US senator wants to introduce legislation to restrict abortions nationwide



DShortly before the congressional elections, US Republicans are pushing ahead with an attempt to legislate for a nationwide restriction on abortion. senator Lindsey Graham introduced a bill on Tuesday that would ban abortions after the 15th week of pregnancy. "That should be the standard in America," Graham said at a press conference. He has the support of colleagues for the draft. The push currently has no prospects of success because the Republicans in Congress do not have enough votes. However, this could change after the elections in November.

That White House sharply criticized the draft, calling it "extreme". Graham's bill does not provide for the far-reaching abortion bans in conservative-governed states to be lifted.
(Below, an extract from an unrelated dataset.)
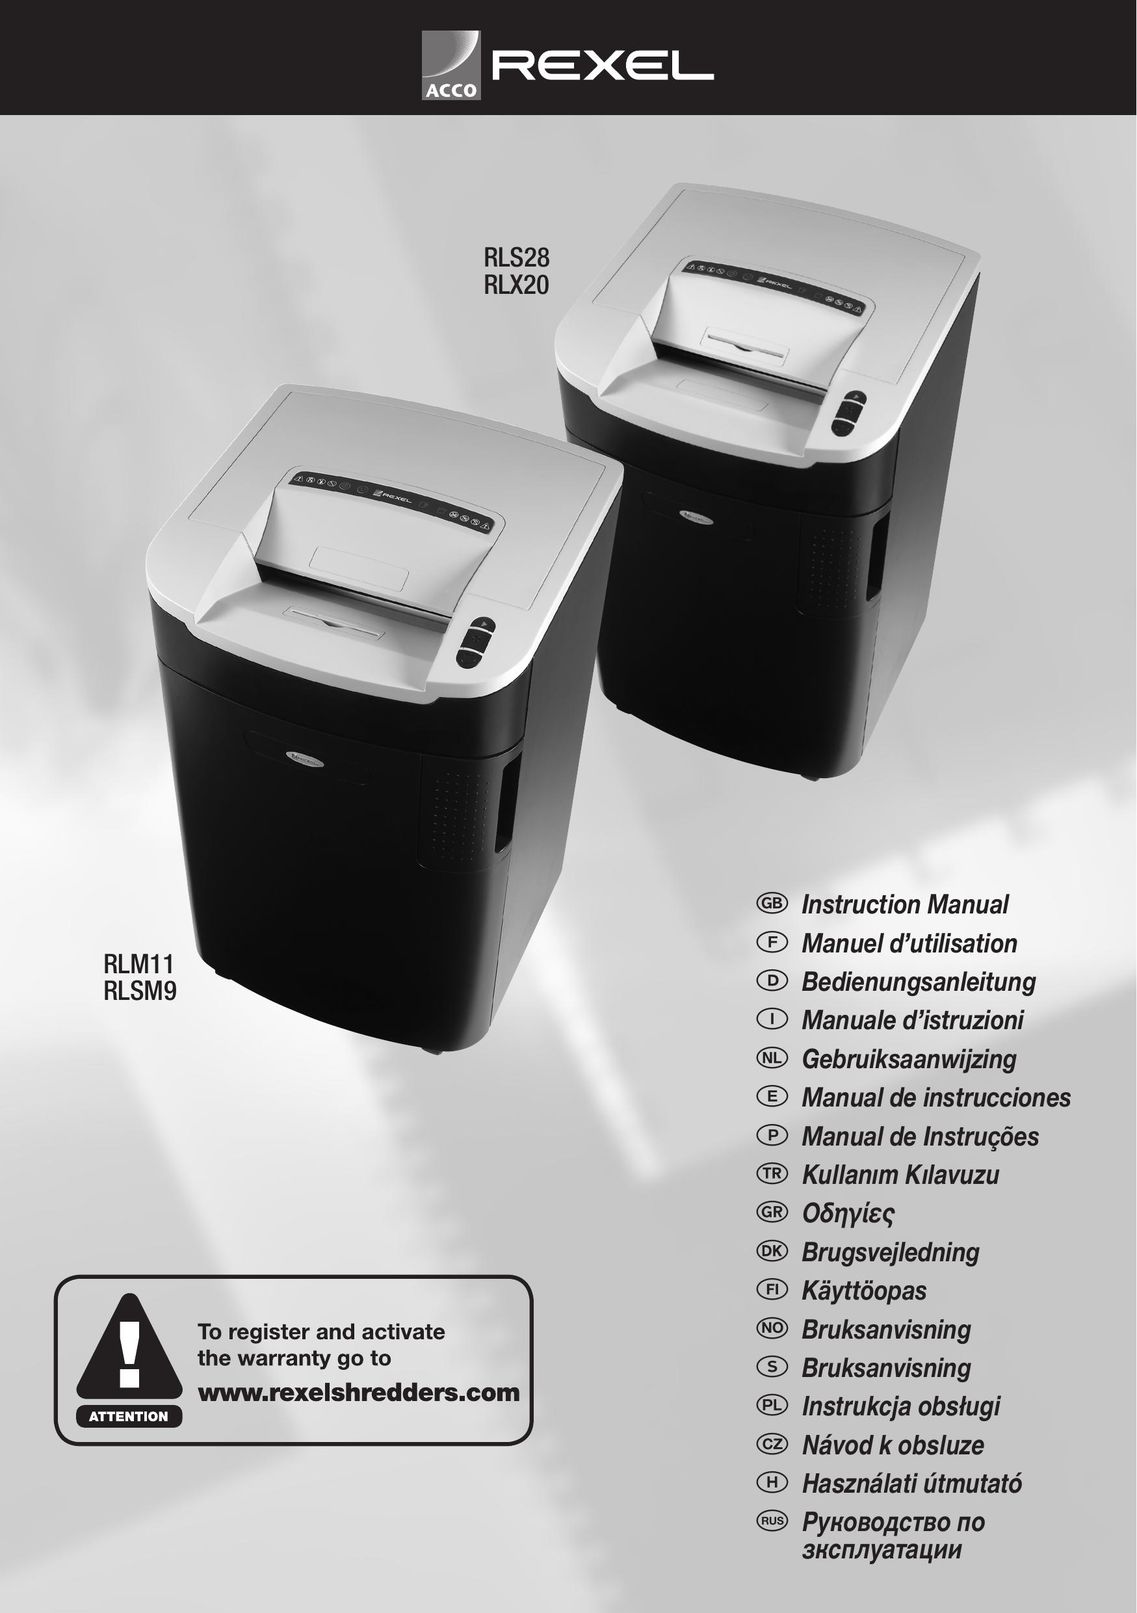 ACCO Brands RLSM9 Paper Shredder User Manual
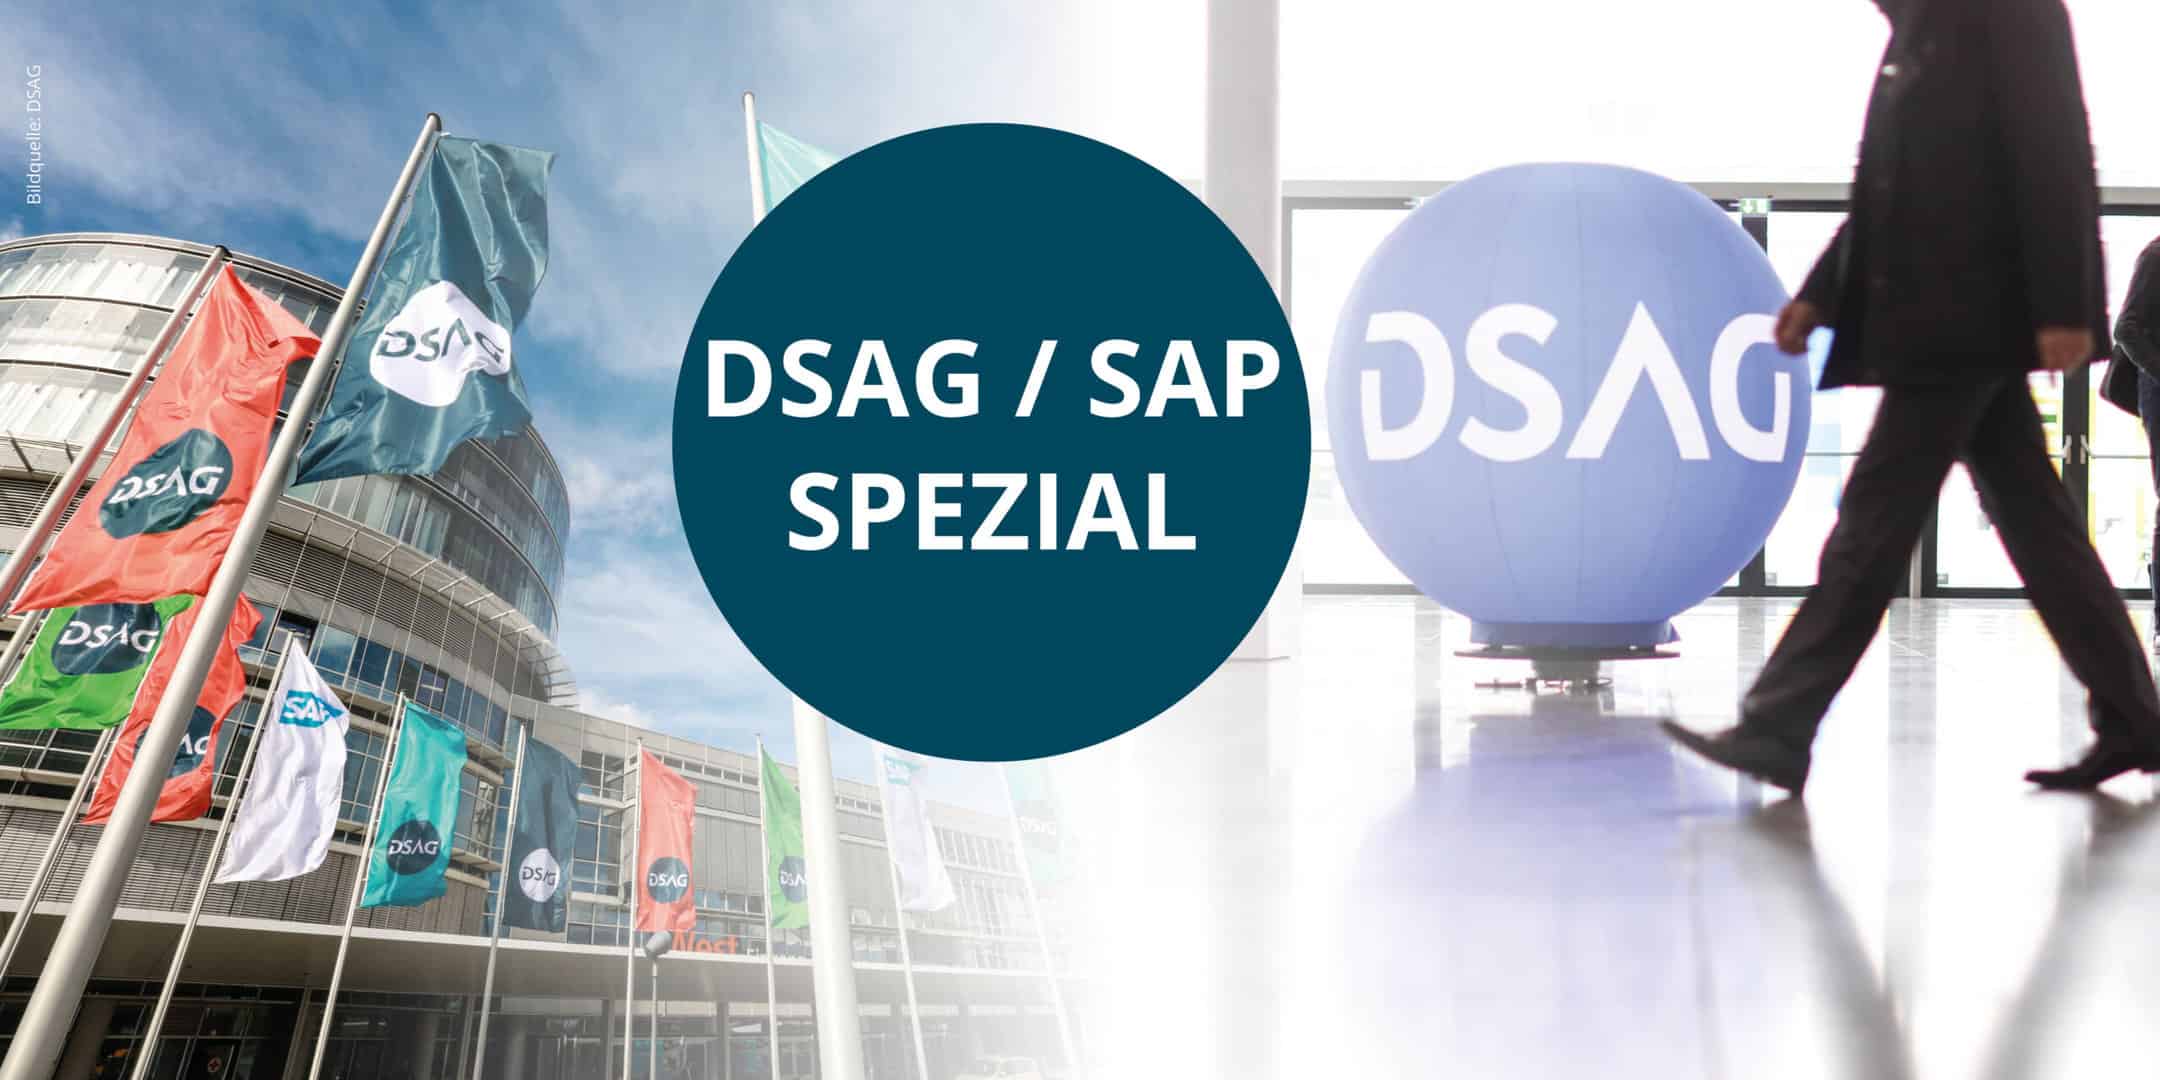 DSAG SAP Spezial scaled

By the end of June, a 1973 US Supreme Court ruling upheld the right abortion – Abortions were permitted nationwide at least until the fetus was viable. That decision was overturned by the right-wing majority of the court in a historic decision. As a result, state legislatures or Congress can legislate whether and how abortion is permitted or prohibited.

patchwork of regulations

Since it is in the United States While there is still no statewide abortion law, a patchwork of regulations has emerged in the states. Abortion is now largely banned in many conservative-governed countries. Both Democrats and Republicans are now trying to legislate on abortion nationwide. The Democrats want to protect the right to abortions nationwide - a corresponding bill was passed by the House of Representatives in July, but does not have the necessary majority in the Senate.

Graham's bill, on the other hand, would not create a right to an abortion up to the 15th week of pregnancy. "Nothing in this section shall be construed to override or limit any federal, state or local regulation that provides greater protection to an unborn child than that provided in this section," it said. This means that stricter rules than provided for in the draft are likely to remain in states. States with more liberal laws, on the other hand, would have to restrict abortion rights.